LONDON • Stuart Broad took eight wickets as Australia collapsed to a scarcely credible 60 all out on the first day of the fourth Ashes cricket Test at Trent Bridge yesterday.
Cloudy overhead conditions offered some assistance to swing and seam bowlers. And they doubtless prompted the decision of England captain Alastair Cook to field first.
But they were not unplayable.
Well though Broad, on his Nottinghamshire home ground, bowled in taking a Test-best eight for 15 in 9.3 overs, this innings cemented the reputation of Australia's batsmen as "flat-track bullies". They again proved unable to come to terms with the moving ball in a match they have to at least draw to stop England from taking an unbeatable 3-1 lead in the five-match series.

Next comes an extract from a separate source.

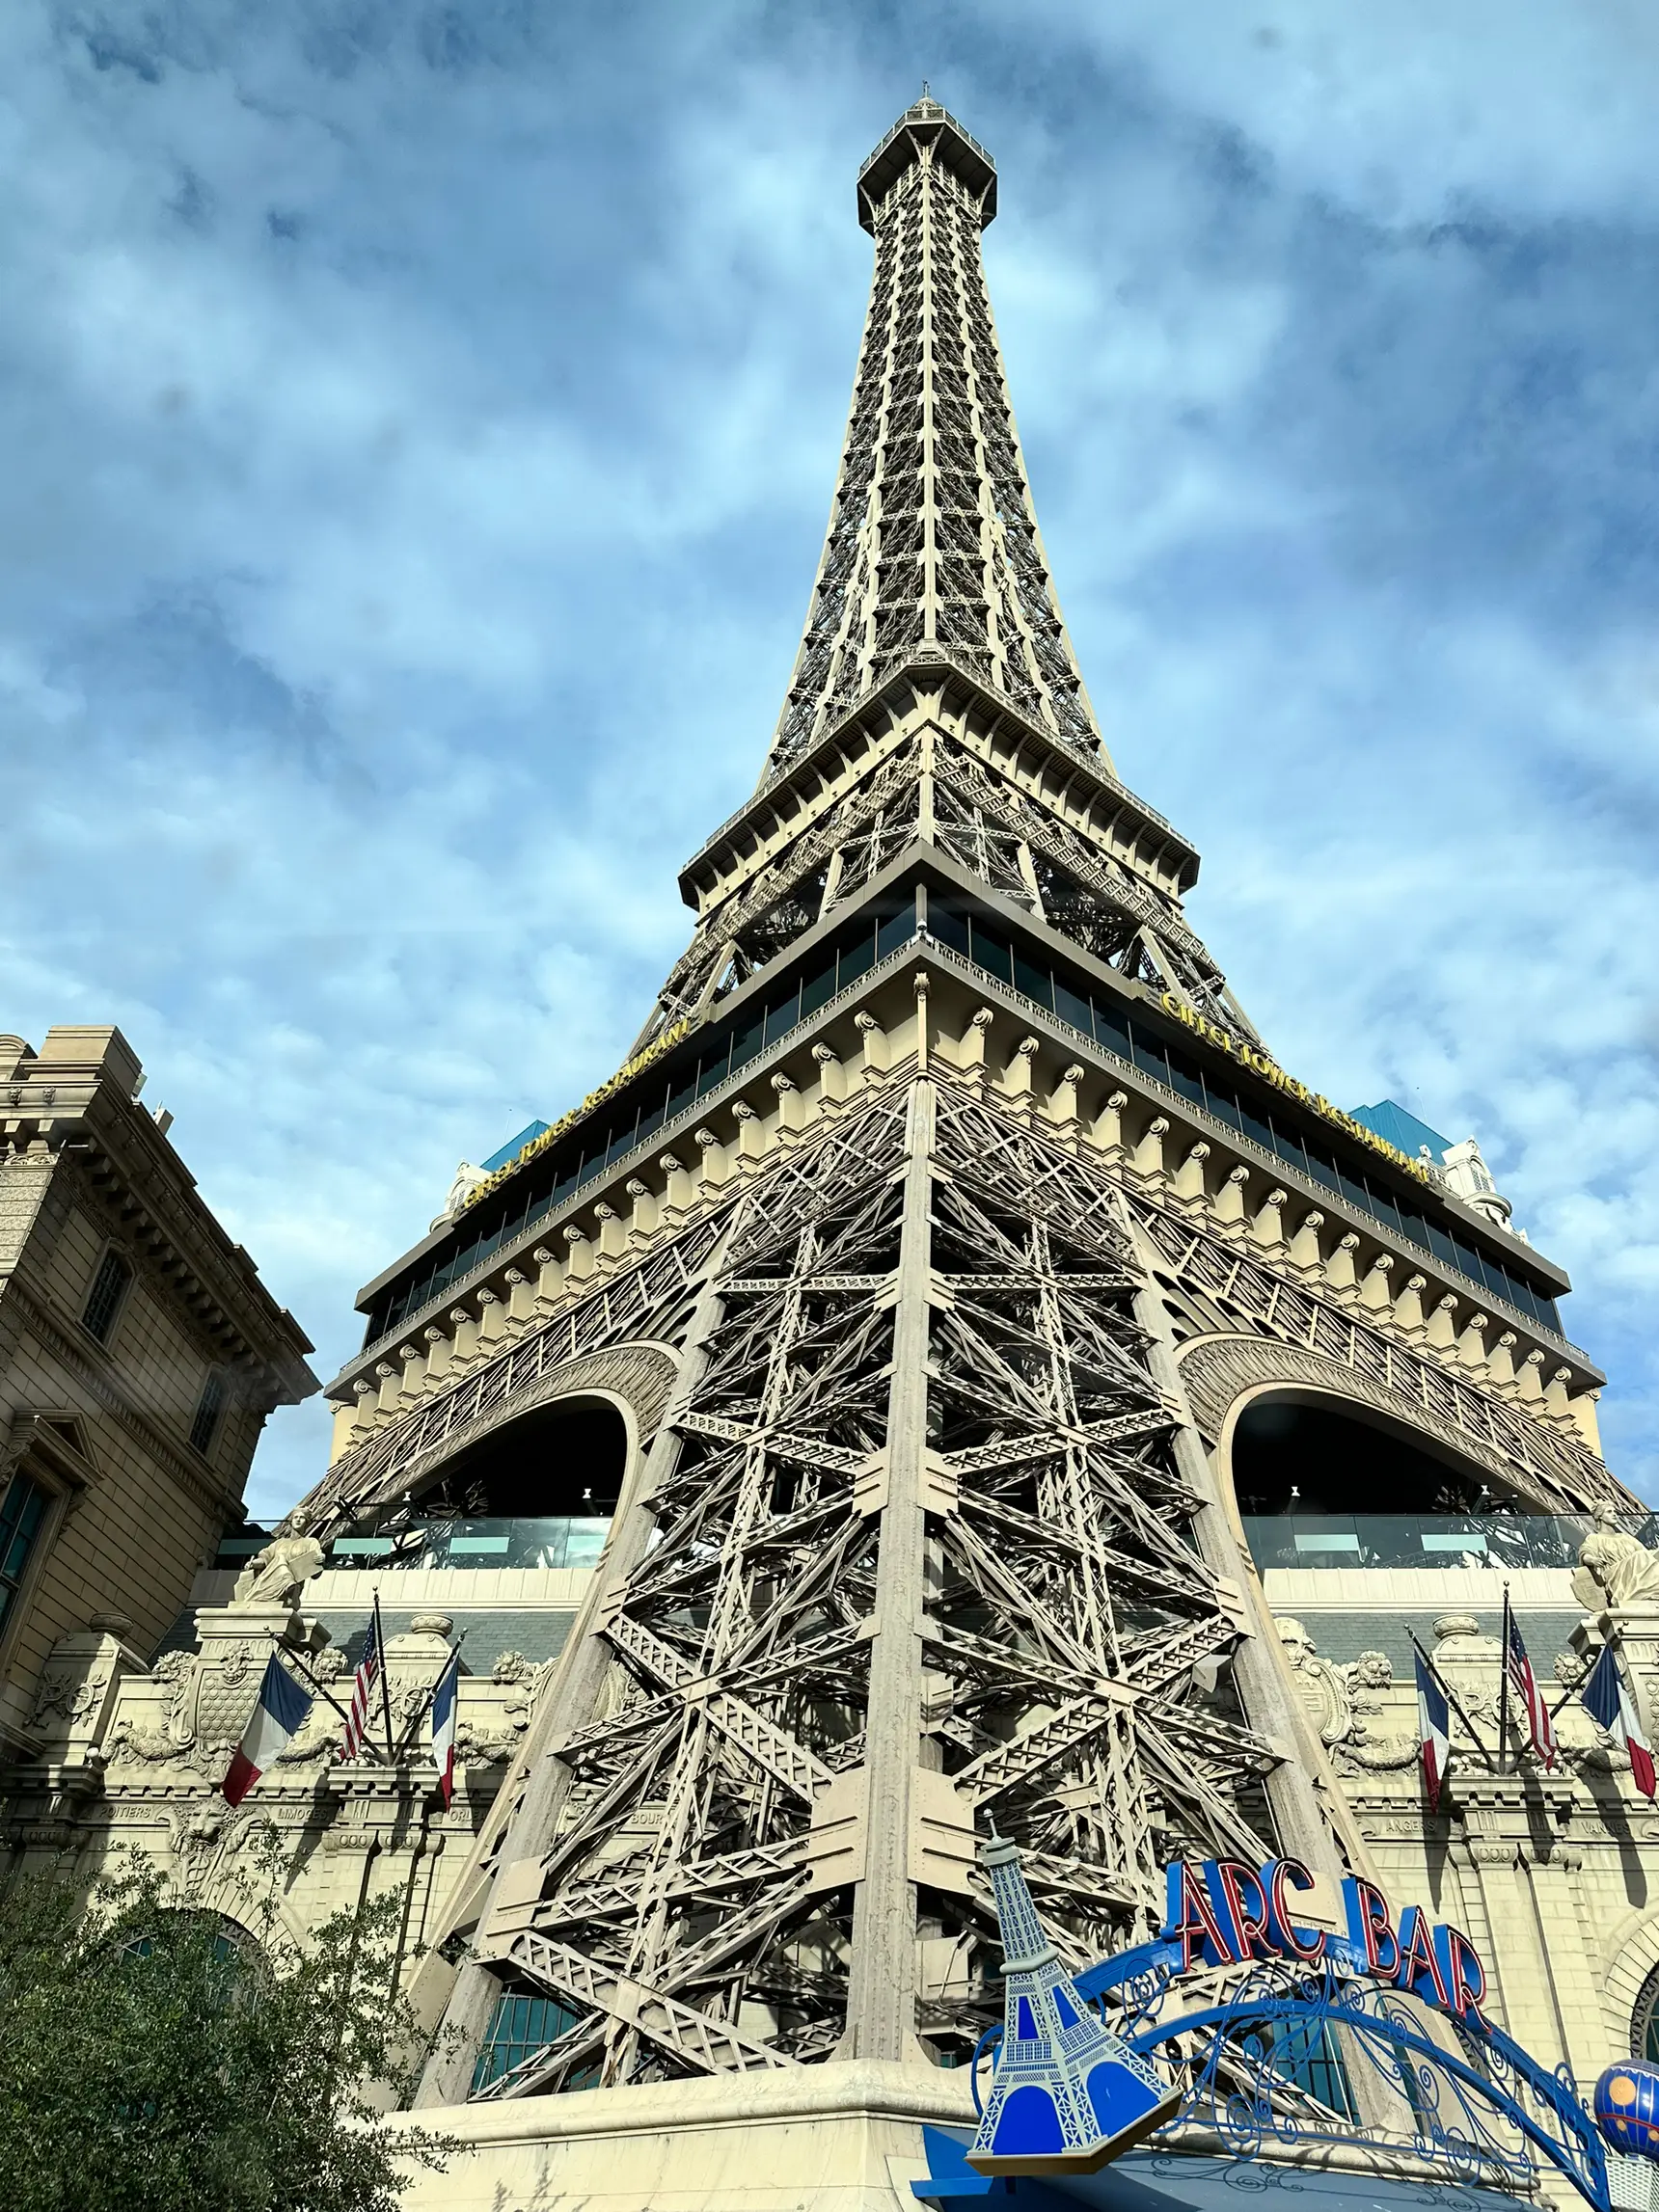 Our Phenomenal Eiffel Tower Restaurant Experience in Las Vegas

Eight Australia batsmen were caught in the slip cordon - all off Broad - and one by wicket-keeper Jos Buttler, with Peter Nevill bowled by Steven Finn.
Mitchell Johnson (13) and captain Michael Clarke (10) were the only batsmen to make double figures in an innings that was wrapped up in just 18.3 overs - the quickest any team have ever been bowled out in the first innings of a Test - during a stunning 94 minutes' play in Nottingham.
Australia's total - with extras the top score on 14 - was the lowest by either side in an Ashes innings since England were dismissed for 52 at The Oval in 1948.
"It's pretty unbelievable. It's not sunk in," Broad told Sky Sports after drawing level with England great Fred Trueman's career tally of 307 Test wickets.
"We knew Trent Bridge would offer us something but we had to bowl well and take our catches."
Australian great Shane Warne and former captain Ricky Ponting lamented technical failings and mental approach as their countrymen fell cheaply.
Warne believes some of the problems stem from the increased amount of limited-overs cricket being played.
"Test cricket is all about technique, the basics. And all about fighting. Credit to Broad, he forced a lot of those errors, but I still think Australia could have been a little bit more defensive and (shown) better technique," he said.
Ponting questioned why the Australians had talked before the series about how positive they were going to be.
"Why say it?" he said.
"You can be positive in defence.
"I don't know if they're confused about the way they want to play."
He added: "When conditions are like this, you just have to find a way to get through."
England were 99 for three at tea, with Joe Root on 33 and Jonny Bairstow on 2.